Independent Educational Evaluations
The parents of a child with a disability have the right to an independent educational evaluation (hereafter sometimes referred to as “IEE.”) IDEA Section 615(b)(1). The IEE must be provided by theschool district at public expense unless the LEA files a due process complaint and shows that its evaluation was appropriate. 34 CFR Section 300.502(b). The U. S. Supreme Court found the right to an IEE to be a very important safeguard for parents, and relied on it in part, in rejecting the argument that school districts had an advantage in terms of expertise and knowledge. Schaffer v. Weast ___ U.S.____, 126 S.Ct. 528, 44 IDELR 150 (2005).
Parents may obtain only one IEE at public expense each time the school district conducts an evaluation with which the parents disagree. 34 CFR Section 300.502(b)(5). The purpose of this regulation is to protect the parents’ right to an IEE (OSEP rejected a suggestion limiting a parent to one IEE in a child’s school career) while ensuring that a school district does not have to bear the cost of multiple IEEs concerning a single disagreement. 71 Fed. Register No. 156 at page 46690 (August 14, 2006).
OSEP has noted that where a hearing officer orders an IEE, parental consent is needed for the release of education records to the independent evaluator. If the parent refuses to consent, the hearing officer could decide to dismiss the parent’s complaint. 71 Fed. Register No. 156 at page 46690 (August 14, 2006).
If a parent obtains an IEE at public expense, but disagrees with the result, the school district could introduce it as evidence in a due process hearing. 71 Fed. Register No. 156 at page 46690 (August 14, 2006).

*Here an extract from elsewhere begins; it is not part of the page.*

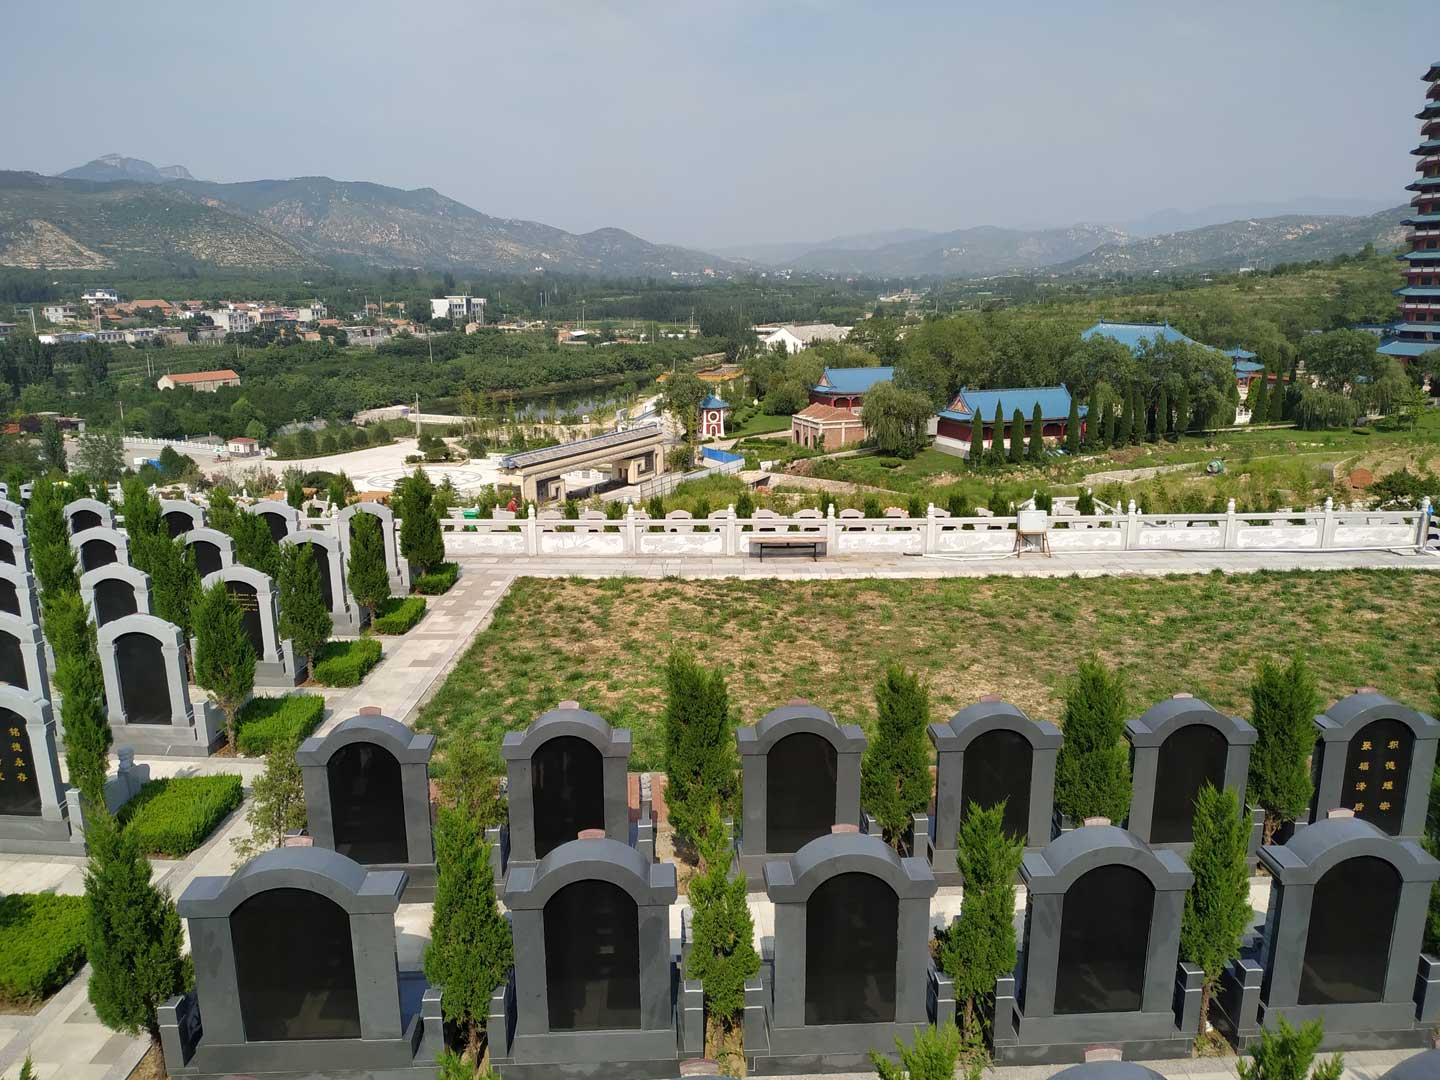 济南慈航园公墓

In Phillip & Angie C ex rel AC v.
Jefferson County Bd of Educ 112 LRP 56693 (11th Cir 2012) the Eleventh Circuit held that although
IDEA does not expressly require public funding of IEEs, US DOE had the
authority to require them by regulation. Under Chevron principles, DOE is
entitled to deference and IDEA §606(b) adopts all regs by DOE protecting
parents in effect in 1983.
In GJ v Muscogee Sch Dist 668 F.3d 1251, 58 IDELR 61 (11th Cir 1/31/12) the
Eleventh Circuit held that because the parent’s refused to sign a consent form
and instead attached a lengthy seven point addendum with conditions for the
eval, resulted in no underlying evaluation, the parents were not entitled to an
IEE because there was no district evaluation first.

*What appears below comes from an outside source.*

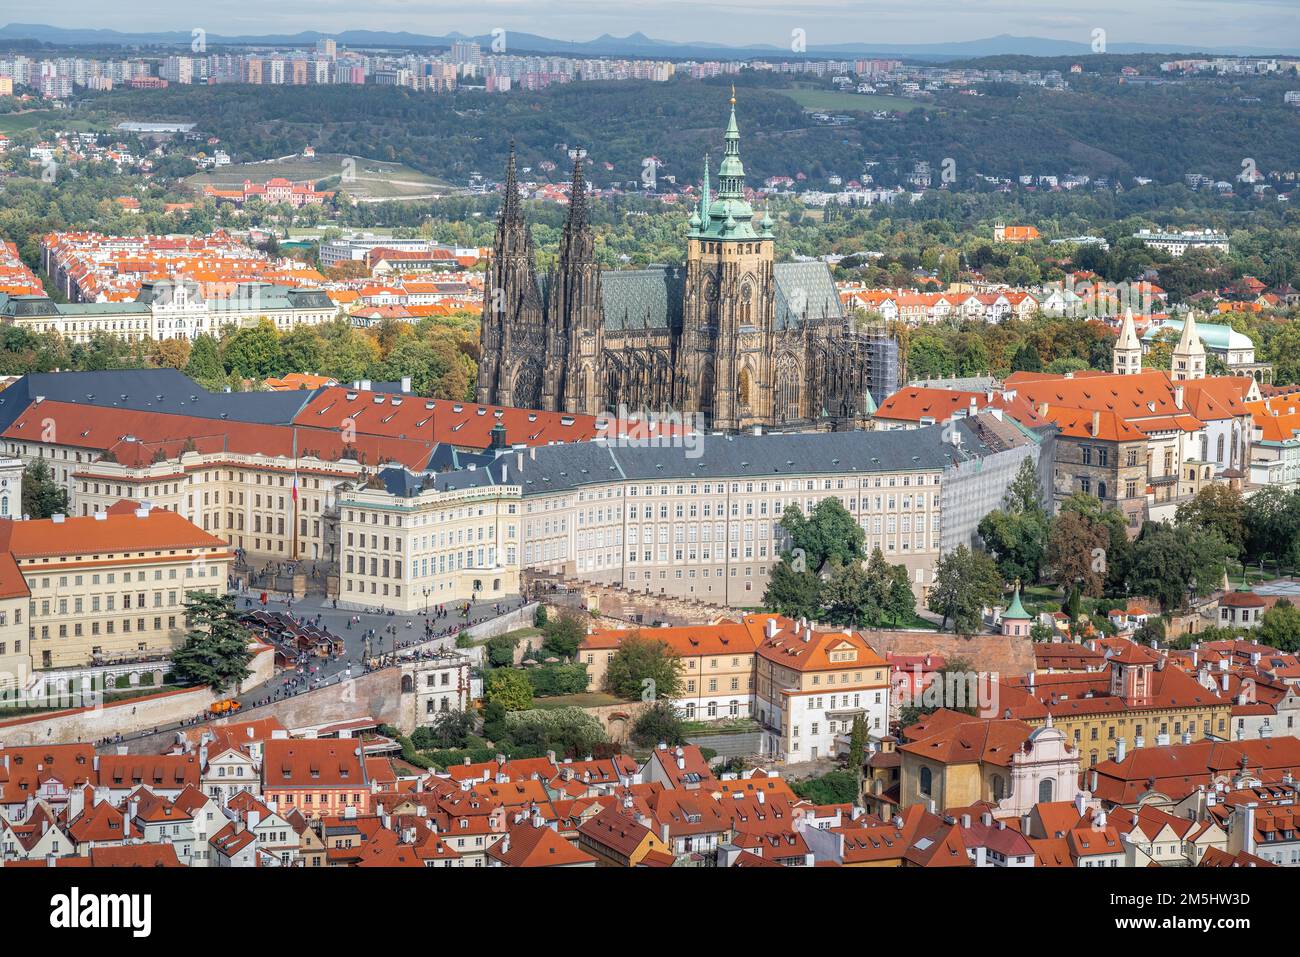 Vue aérienne du château de Prague et de la cathédrale Saint-Vitus - Prague, République tchèque Banque D'Images

In Letter to Inzelbuch 113 LRP 32485
(OSEP 8/1/13) OSEP opined that where an IEE is conducted at public expense, it
would be inconsistent with IDEA for a school district to limit the IEE in any
way that would prevent the evaluator from fulfilling its purposes
(eligibility/continued eligibility and child’s needs). Whether an IEE evaluator must be allowed to
observe the student in the classroom must be decided on a case by case
basis.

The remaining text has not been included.